Sir John Conroy, 3rd Baronet, FRS (16 August 1845 – 15 December 1900) was an English analytical chemist.

Conroy was born in Kensington, west London, the son of Sir Edward Conroy, 2nd Baronet (1809–1869) and Lady Alicia Conroy. He was descended from the Ó Maolconaire family of Elphin, County Roscommon. The family had been the hereditary Ollamhs to the O'Connor Kings of Connacht. He was descended from Maoilin Ó Maolchonaire who was the last recognised Chief of the Sept. He was educated at Eton College and then Christ Church, Oxford, also the college of his father, where he read Natural Science, gaining a first class degree in 1868. His tutor was the chemical kinetics pioneer Augustus George Vernon Harcourt FRS.

He lived mostly with his mother at Arborfield Grange in Berkshire until 1880. His scientific interests were in analytical chemistry, especially optical measurements. He worked mainly in a laboratory at Christ Church in Oxford. He had teaching posts at Keble College (1880–90), and Balliol College and Trinity College (1886–1900).

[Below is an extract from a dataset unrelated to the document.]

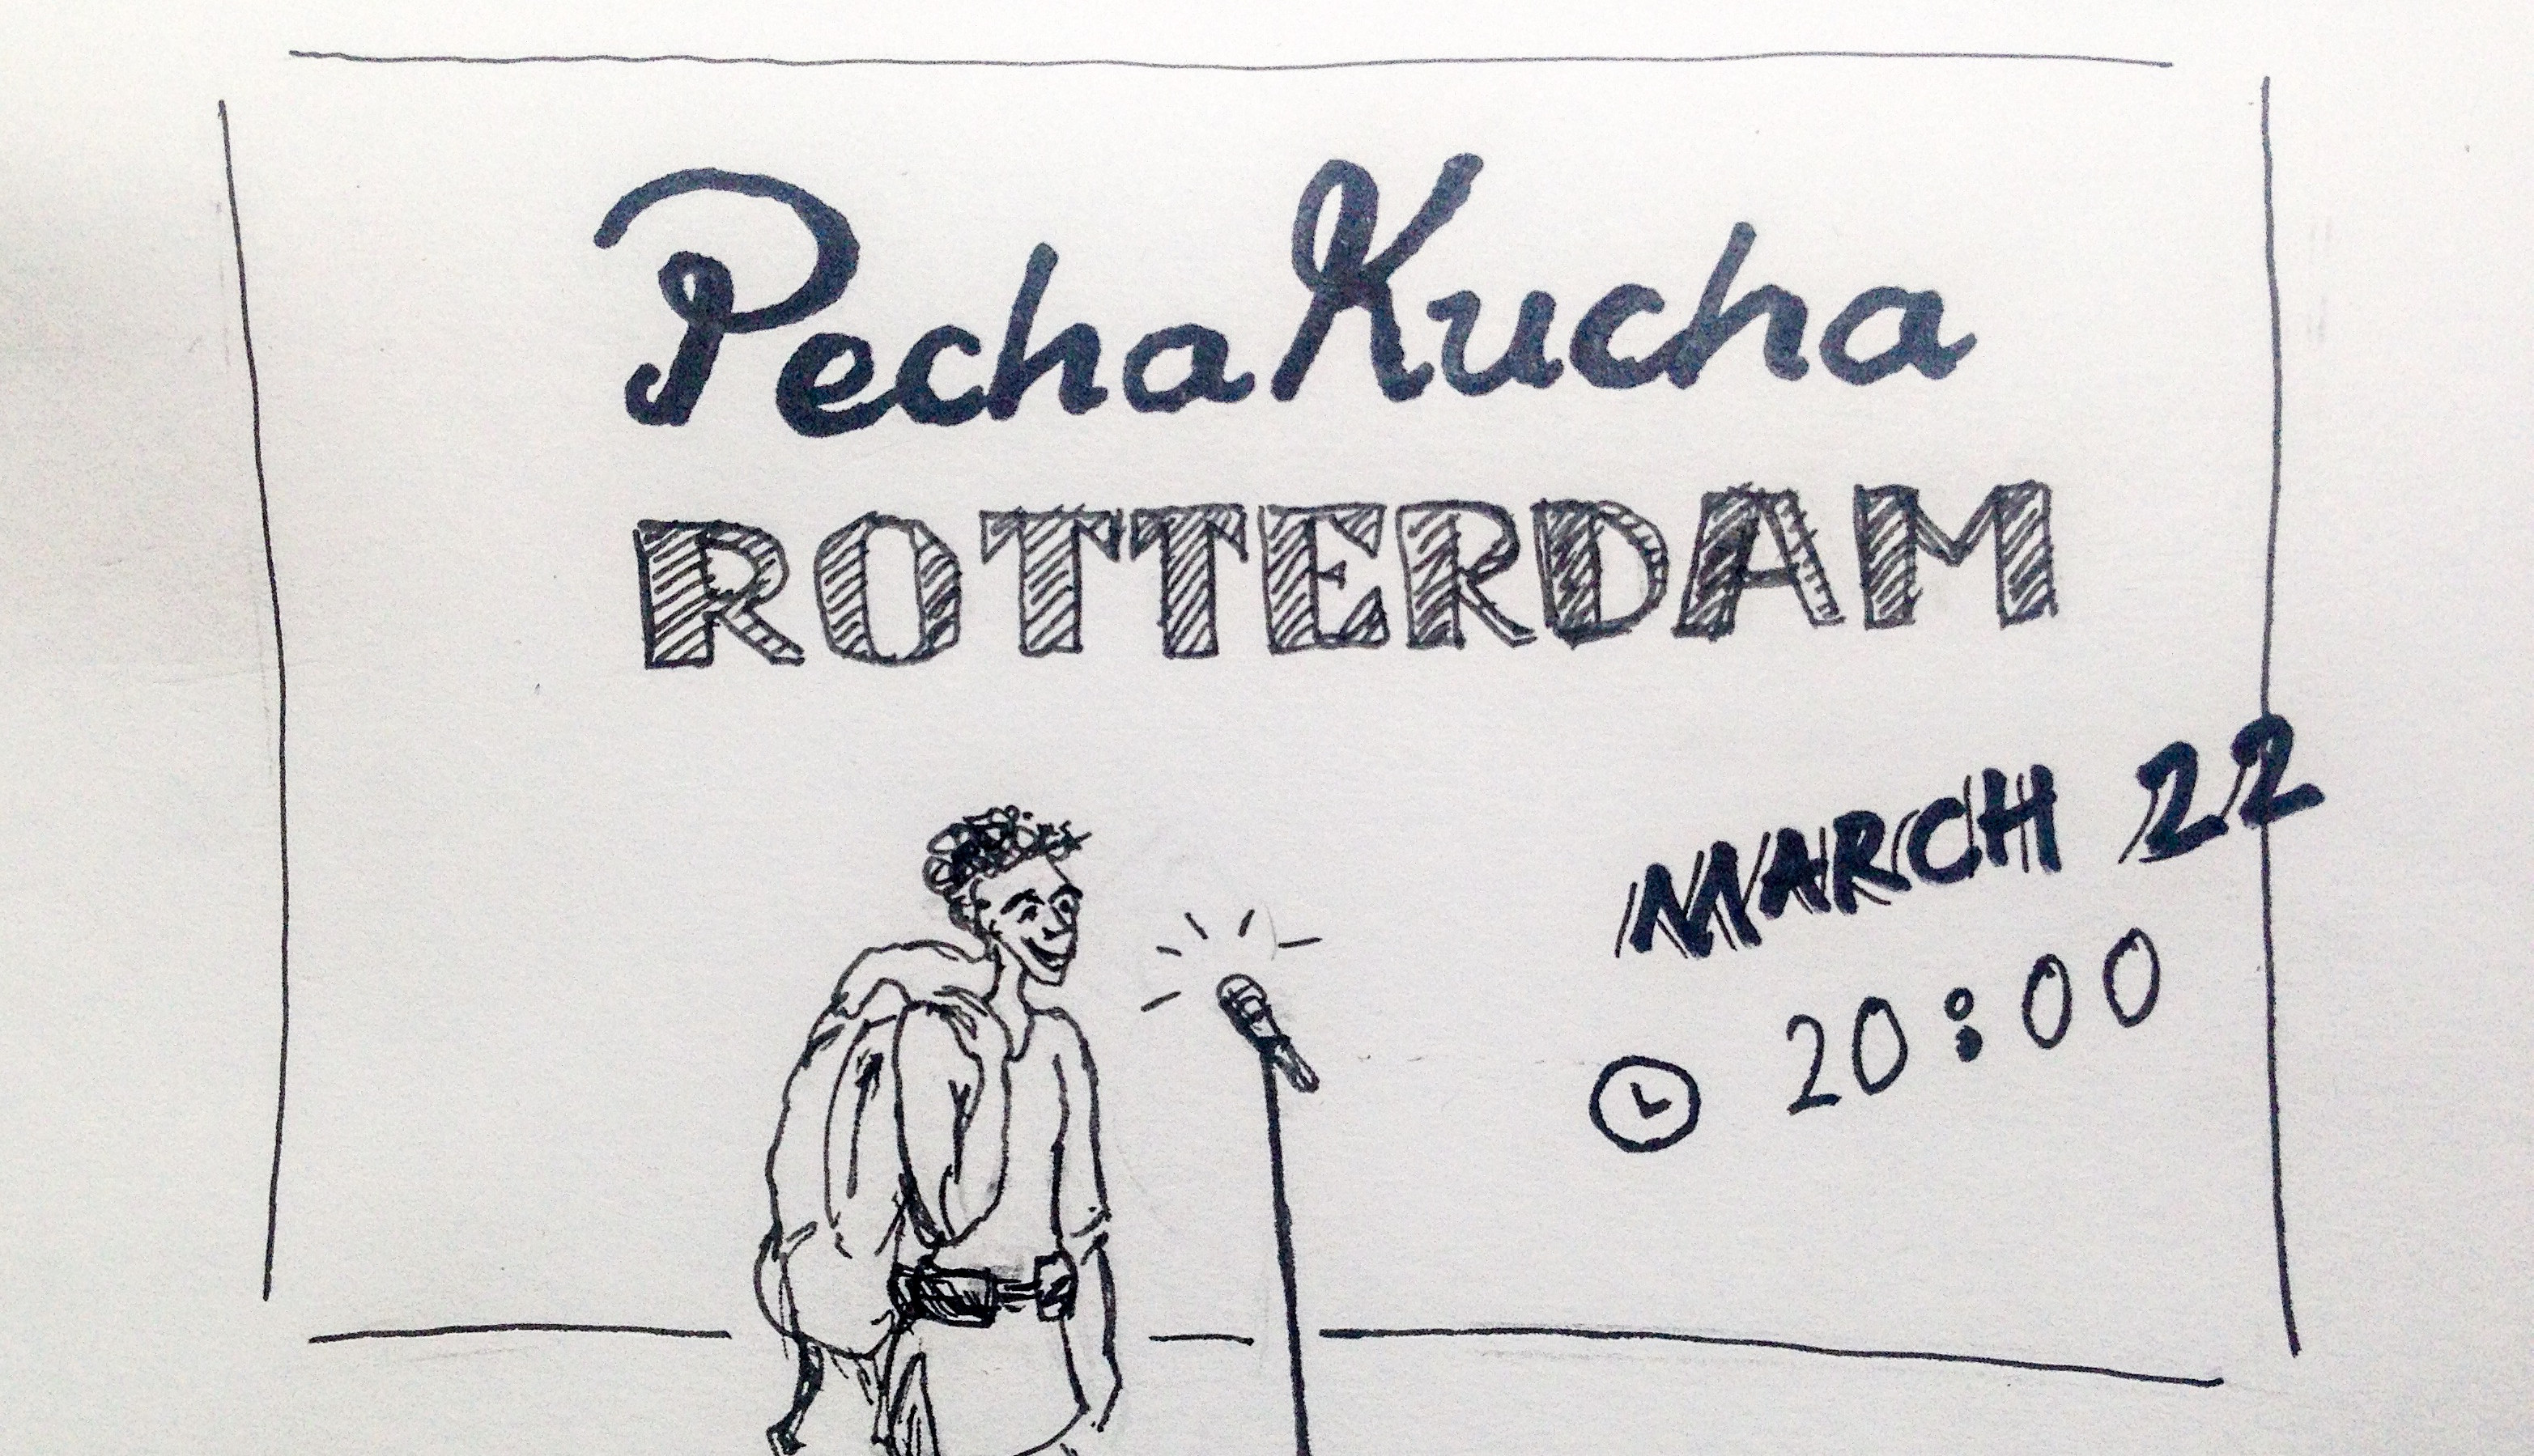 Pecha Kucha Rotterdam Netherlands Lilian Leahy inspirational speaker travel low bodget shoestring bartering trading exchange art skills illustrations sign painting march 22 2016 Arminius Museumpark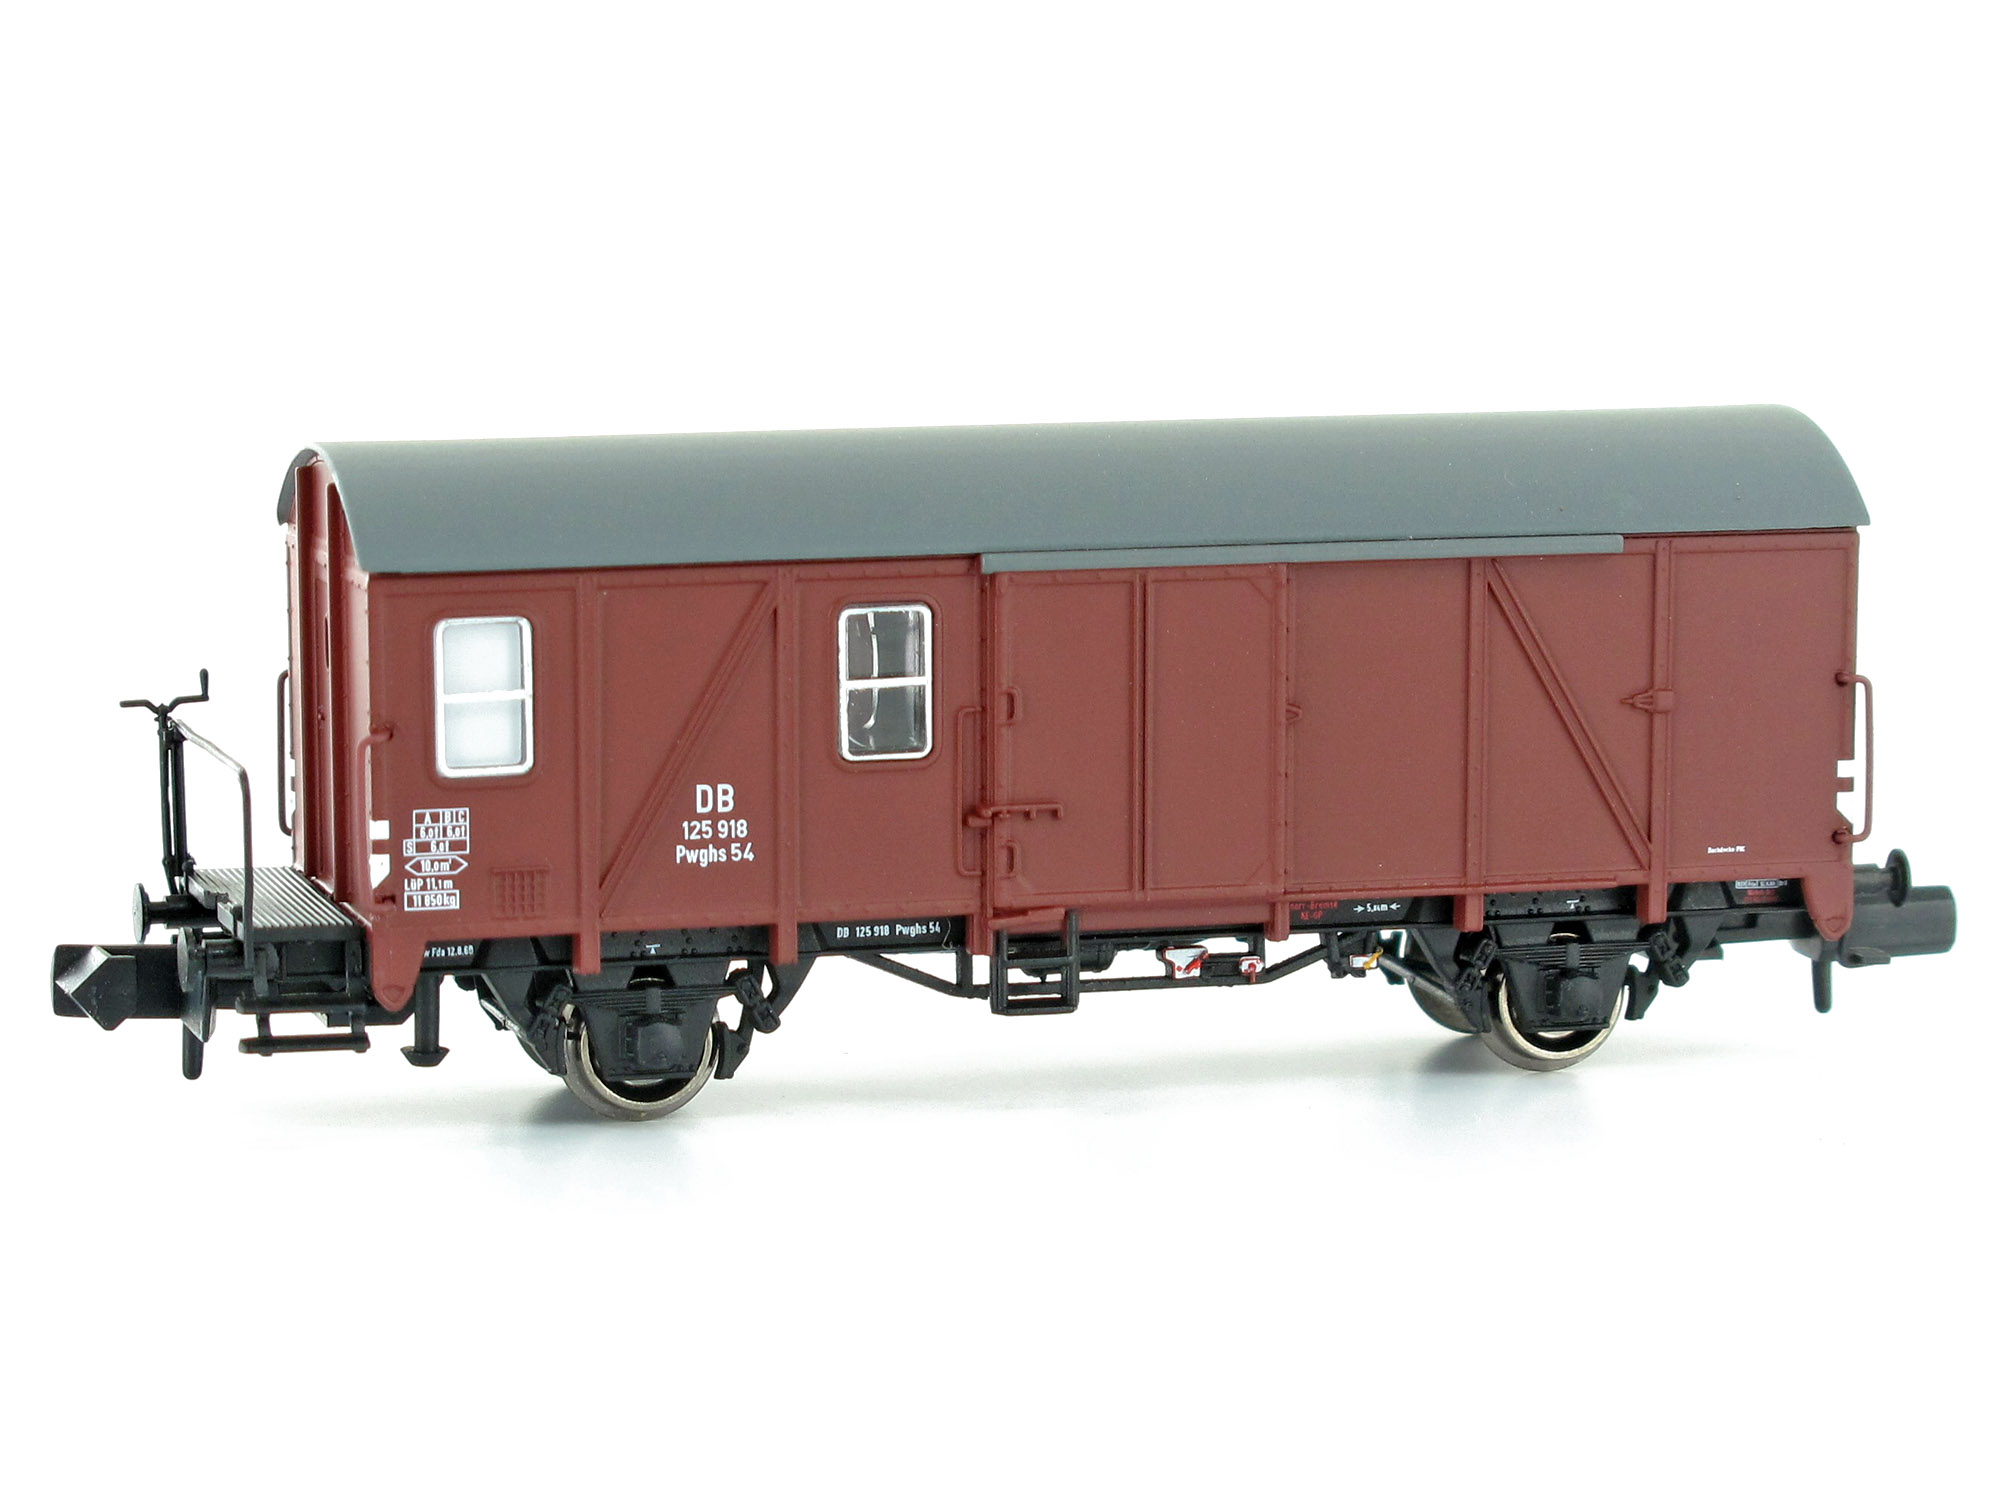 N Scale - Modellbahn Union - MU_N-G55002 - Baggage Car, Pwghs 054 - Deutsche Bundesbahn - 125 918

He worked at the Balliol-Trinity Laboratories with Sir Harold Hartley and others.
In 1890, he became a Fellow of Balliol College. In 1891, he was elected a Fellow of the Royal Society.

Conroy's religious leanings were High Church and he was involved with the English Church Union. From 1897, he was treasurer of the Radcliffe Infirmary in Oxford.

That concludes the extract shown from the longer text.